Git Product home page Git Product logo

flyscrape's Introduction



flyscrape is a standalone and scriptable web scraper, combining the speed of Go with the flexibility of JavaScript. — Focus on data extraction rather than request juggling.


Installation · Documentation · Releases

Features

  • Highly Configurable: 10 options to fine-tune your scraper.
  • Standalone: flyscrape comes as a single binary executable.
  • Scriptable: Use JavaScript to write your data extraction logic.
  • Simple API: Extract data from HTML pages with a familiar API.
  • Fast Iteration: Use the development mode to get quick feedback.
  • Request Caching: Re-run scripts on websites you already scraped.
  • Zero Dependencies: No need to fill up your disk with npm packages.

Example script

export const config = {
    url: "https://news.ycombinator.com/",
    // urls: []               // Specify additional URLs to start from.      (default = none)
    // depth: 0,              // Specify how deep links should be followed.  (default = 0, no follow)
    // follow: [],            // Speficy the css selectors to follow         (default = ["a[href]"])
    // allowedDomains: [],    // Specify the allowed domains. ['*'] for all. (default = domain from url)
    // blockedDomains: [],    // Specify the blocked domains.                (default = none)
    // allowedURLs: [],       // Specify the allowed URLs as regex.          (default = all allowed)
    // blockedURLs: [],       // Specify the blocked URLs as regex.          (default = none)
    // rate: 100,             // Specify the rate in requests per second.    (default = no rate limit)
    // proxies: [],           // Specify the HTTP(S) proxy URLs.             (default = no proxy)
    // cache: "file",         // Enable file-based request caching.          (default = no cache)
}

export default function ({ doc, absoluteURL }) {
    const title = doc.find("title");
    const posts = doc.find(".athing");

    return {
        title: title.text(),
        posts: posts.map((post) => {
            const link = post.find(".titleline > a");

            return {
                title: link.text(),
                url: link.attr("href"),
            };
        }),
    }
}
$ flyscrape run hackernews.js
[
  {
    "url": "https://news.ycombinator.com/",
    "data": {
      "title": "Hacker News",
      "posts": [
        {
          "title": "Show HN: flyscrape - An standalone and scriptable web scraper",
          "url": "https://flyscrape.com/"
        },
        ...
      ]
    }
  }
]

Check out the examples folder for more detailed examples.

Installation

Pre-compiled binary

flyscrape is available for MacOS, Linux and Windows as a downloadable binary from the releases page.

Compile from source

To compile flyscrape from source, follow these steps:

  1. Install Go: Make sure you have Go installed on your system. If not, you can download it from https://golang.org/.

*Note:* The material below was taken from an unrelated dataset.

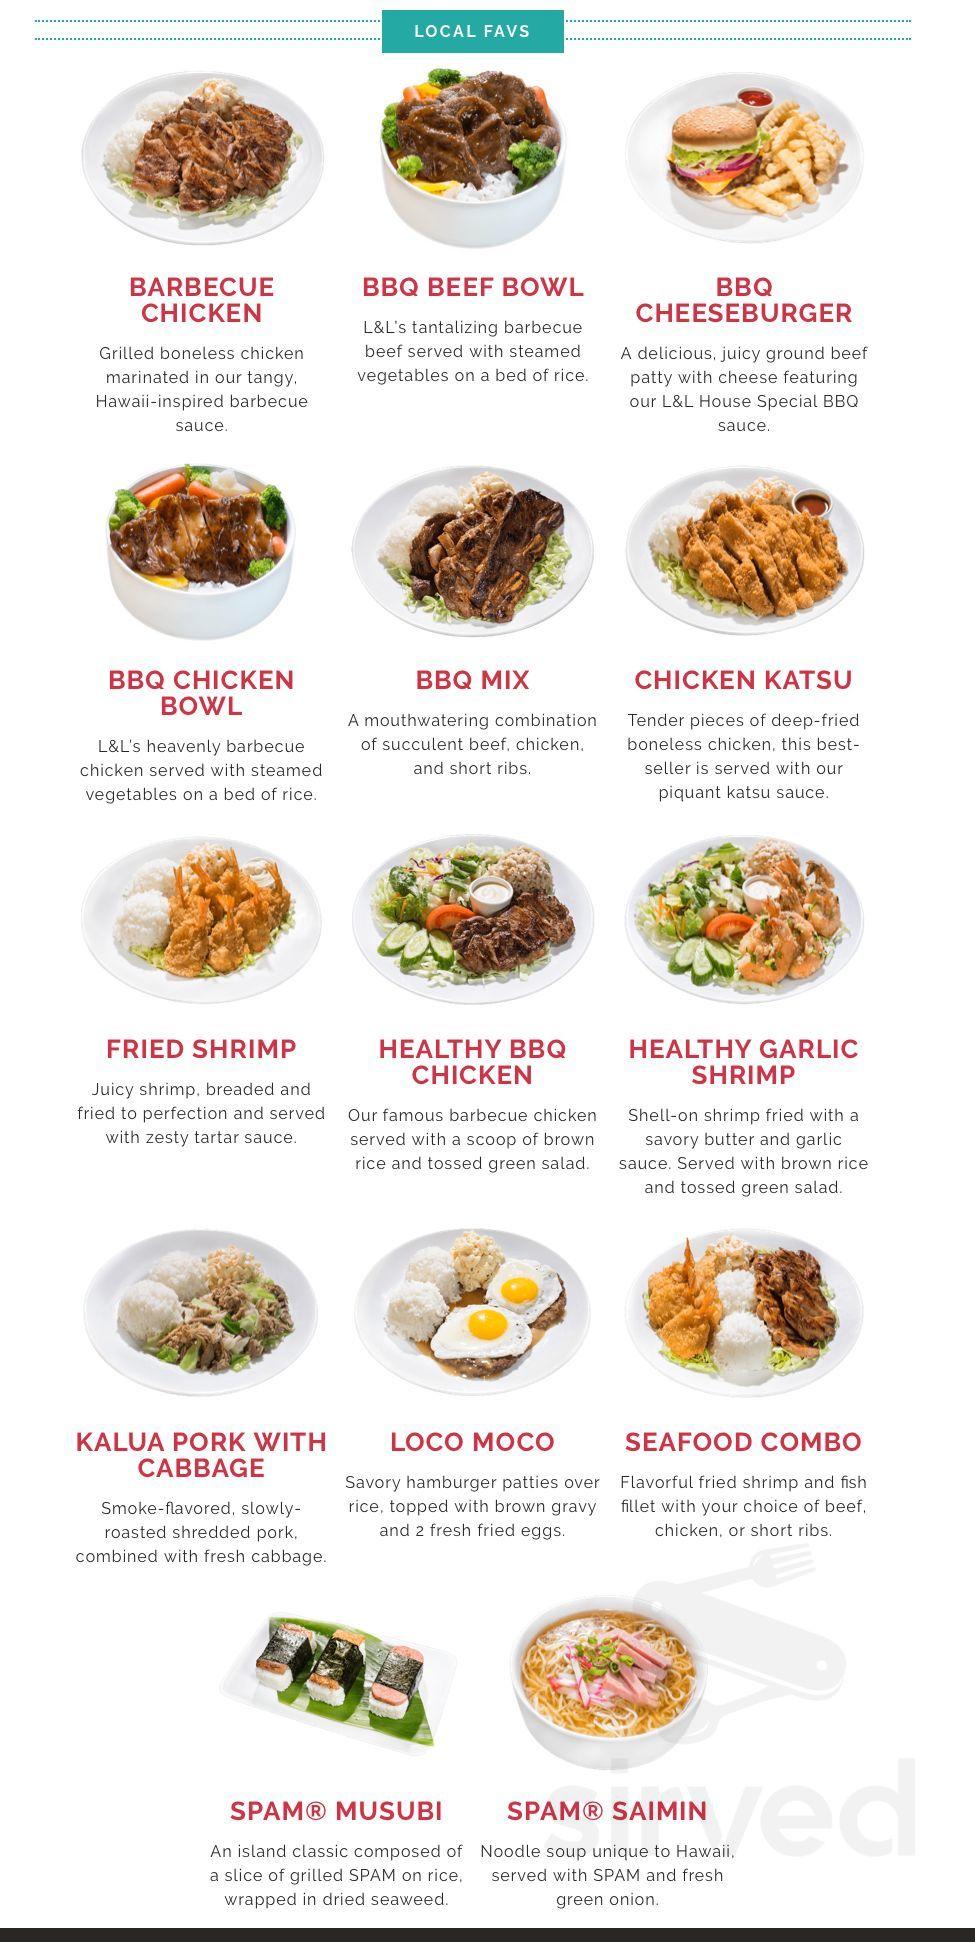 L&L Hawaiian Barbecue menu in Antioch, California, USA
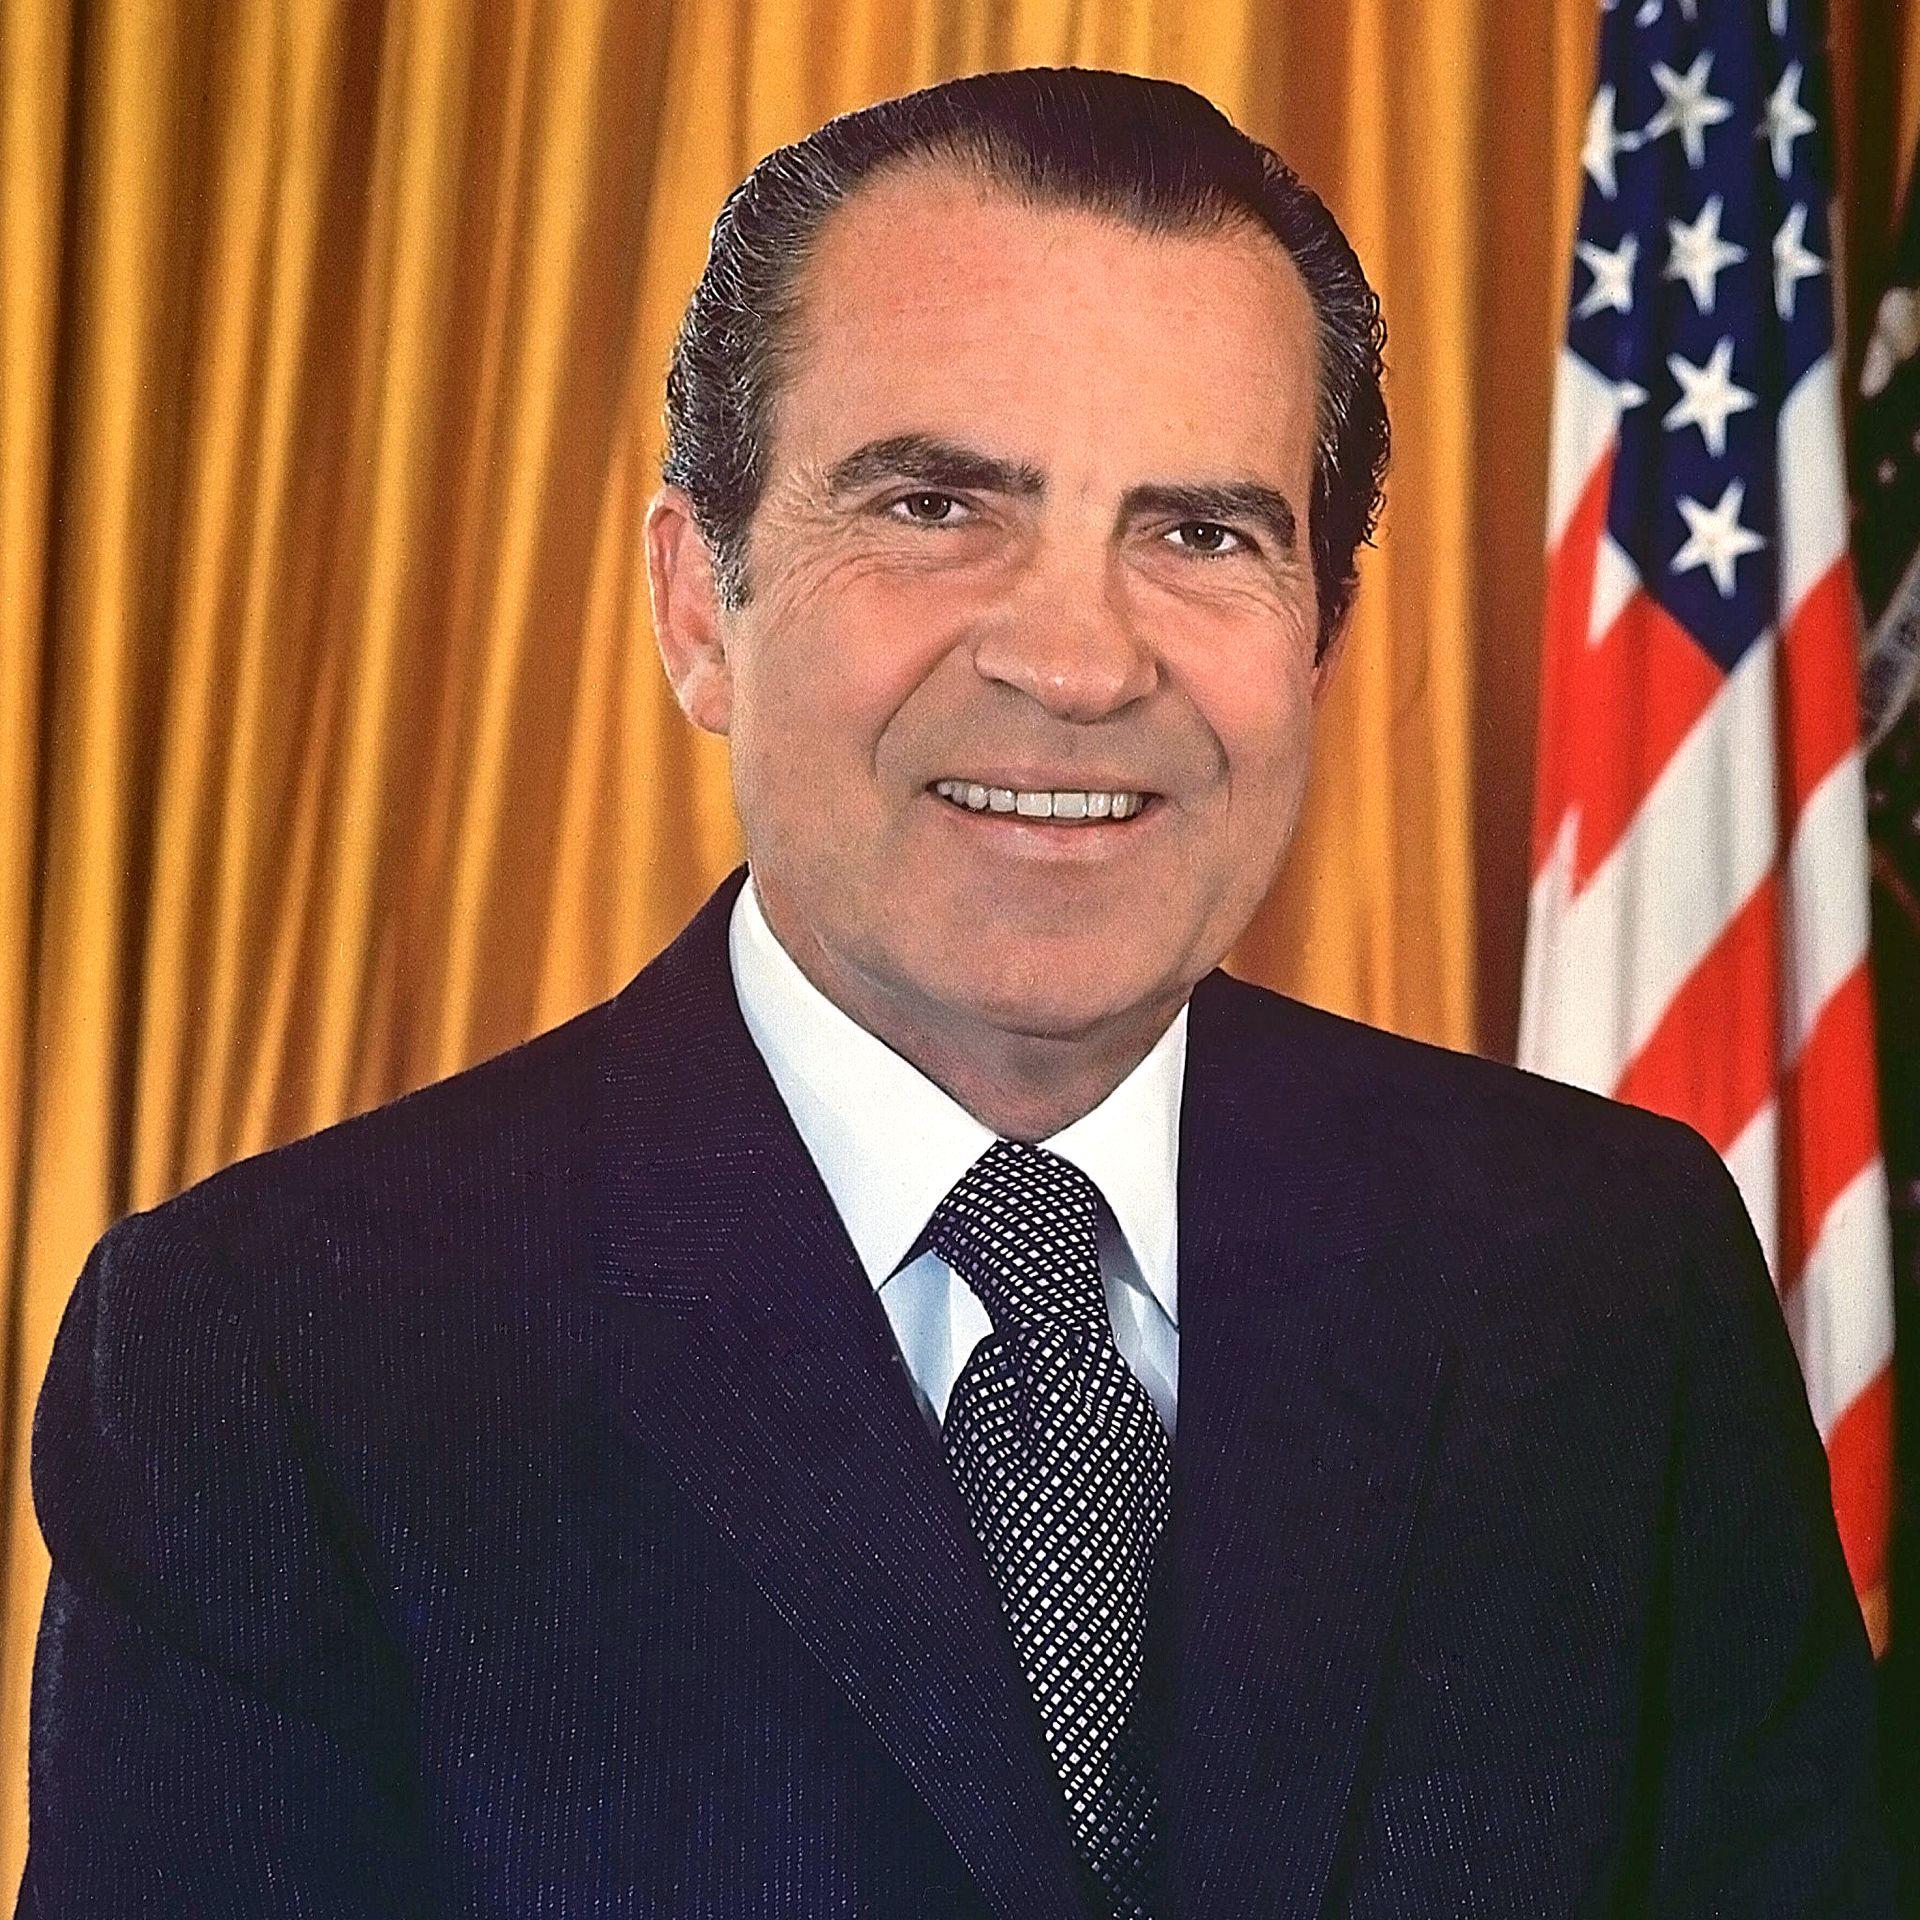 Nixon: President Richard Nixon

  2. Install flyscrape: Open a terminal and run the following command:

    go install github.com/philippta/flyscrape/cmd/flyscrape@latest

Usage

Usage:

    flyscrape run SCRIPT [config flags]

Examples:

    # Run the script.
    $ flyscrape run example.js

    # Set the URL as argument.
    $ flyscrape run example.js --url "http://other.com"

    # Enable proxy support.
    $ flyscrape run example.js --proxies "http://someproxy:8043"

    # Follow paginated links.
    $ flyscrape run example.js --depth 5 --follow ".next-button > a"

Configuration

Below is an example scraping script that showcases the capabilities of flyscrape. For a full documentation of all configuration options, visit the documentation page.

export const config = {
    url: "https://example.com/",                        // Specify the URL to start scraping from.
    urls: [                                             // Specify the URL(s) to start scraping from. If both `url` and `urls`
        "https://example.com/foo",                      // are provided, all of the specified URLs will be scraped.
        "https://example.com/bar",
    ],
    depth: 0,                                           // Specify how deep links should be followed.  (default = 0, no follow)
    follow: [],                                         // Speficy the css selectors to follow         (default = ["a[href]"])
    allowedDomains: [],                                 // Specify the allowed domains. ['*'] for all. (default = domain from url)
    blockedDomains: [],                                 // Specify the blocked domains.                (default = none)
    allowedURLs: [],                                    // Specify the allowed URLs as regex.          (default = all allowed)
    blockedURLs: [],                                    // Specify the blocked URLs as regex.          (default = none)
    rate: 100,                                          // Specify the rate in requests per second.    (default = no rate limit)
    proxies: [],                                        // Specify the HTTP(S) proxy URLs.             (default = no proxy)
    cache: "file",                                      // Enable file-based request caching.          (default = no cache)
    headers: {                                          // Specify the HTTP request header.            (default = none)
        "Authorization": "Basic ZGVtbzpwQDU1dzByZA==",
        "User-Agent": "Gecko/1.0",
    },
};

export function setup() {
    // Optional setup function, called once before scraping starts.
    // Can be used for authentication.
}

export default function ({ doc, url, absoluteURL }) {
    // doc              - Contains the parsed HTML document
    // url              - Contains the scraped URL
    // absoluteURL(...) - Transforms relative URLs into absolute URLs
}

Query API

// <div class="element" foo="bar">Hey</div>
const el = doc.find(".element")
el.text()                                 // "Hey"
el.html()                                 // `<div class="element">Hey</div>`
el.attr("foo")                            // "bar"
el.hasAttr("foo")                         // true
el.hasClass("element")                    // true

// <ul>
//   <li class="a">Item 1</li>
//   <li>Item 2</li>
//   <li>Item 3</li>
// </ul>
const list = doc.find("ul")
list.children()                           // [<li class="a">Item 1</li>, <li>Item 2</li>, <li>Item 3</li>]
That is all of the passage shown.